### Data records
= Beginning of Section =
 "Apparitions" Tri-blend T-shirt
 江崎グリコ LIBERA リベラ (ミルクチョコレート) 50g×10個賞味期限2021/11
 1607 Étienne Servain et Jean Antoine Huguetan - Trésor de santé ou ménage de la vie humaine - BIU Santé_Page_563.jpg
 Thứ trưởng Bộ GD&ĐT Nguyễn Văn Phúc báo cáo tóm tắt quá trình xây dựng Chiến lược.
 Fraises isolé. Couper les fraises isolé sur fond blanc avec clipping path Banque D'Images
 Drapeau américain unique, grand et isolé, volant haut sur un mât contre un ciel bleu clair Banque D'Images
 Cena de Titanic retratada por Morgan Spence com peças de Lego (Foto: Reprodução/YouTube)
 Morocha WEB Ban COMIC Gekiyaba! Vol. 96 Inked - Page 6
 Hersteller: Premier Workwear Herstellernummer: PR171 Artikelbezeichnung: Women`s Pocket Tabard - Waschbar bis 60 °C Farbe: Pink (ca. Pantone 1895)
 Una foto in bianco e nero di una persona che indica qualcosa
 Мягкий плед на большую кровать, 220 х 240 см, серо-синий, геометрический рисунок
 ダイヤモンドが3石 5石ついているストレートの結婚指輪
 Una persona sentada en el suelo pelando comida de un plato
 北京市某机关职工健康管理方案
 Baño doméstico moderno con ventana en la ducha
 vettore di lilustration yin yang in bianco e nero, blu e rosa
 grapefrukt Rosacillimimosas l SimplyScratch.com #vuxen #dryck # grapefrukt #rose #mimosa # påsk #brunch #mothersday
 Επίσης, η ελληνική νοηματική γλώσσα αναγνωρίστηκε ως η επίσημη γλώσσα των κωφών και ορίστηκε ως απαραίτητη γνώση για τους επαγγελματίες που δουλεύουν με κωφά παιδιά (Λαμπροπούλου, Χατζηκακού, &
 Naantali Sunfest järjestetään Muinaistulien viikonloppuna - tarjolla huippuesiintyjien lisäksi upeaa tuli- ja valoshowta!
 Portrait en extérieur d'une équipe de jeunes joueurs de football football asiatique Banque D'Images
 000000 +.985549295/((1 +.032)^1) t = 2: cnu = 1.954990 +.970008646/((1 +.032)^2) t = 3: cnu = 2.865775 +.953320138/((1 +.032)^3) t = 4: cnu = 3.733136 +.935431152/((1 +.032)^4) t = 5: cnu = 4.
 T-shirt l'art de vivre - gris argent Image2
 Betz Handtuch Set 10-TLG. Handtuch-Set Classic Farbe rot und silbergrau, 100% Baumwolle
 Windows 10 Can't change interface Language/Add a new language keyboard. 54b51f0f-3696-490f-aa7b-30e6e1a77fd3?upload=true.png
= End of Section =
From the entries above, extract each line containing "persona".

 Una foto in bianco e nero di una persona che indica qualcosa
 Una persona sentada en el suelo pelando comida de un plato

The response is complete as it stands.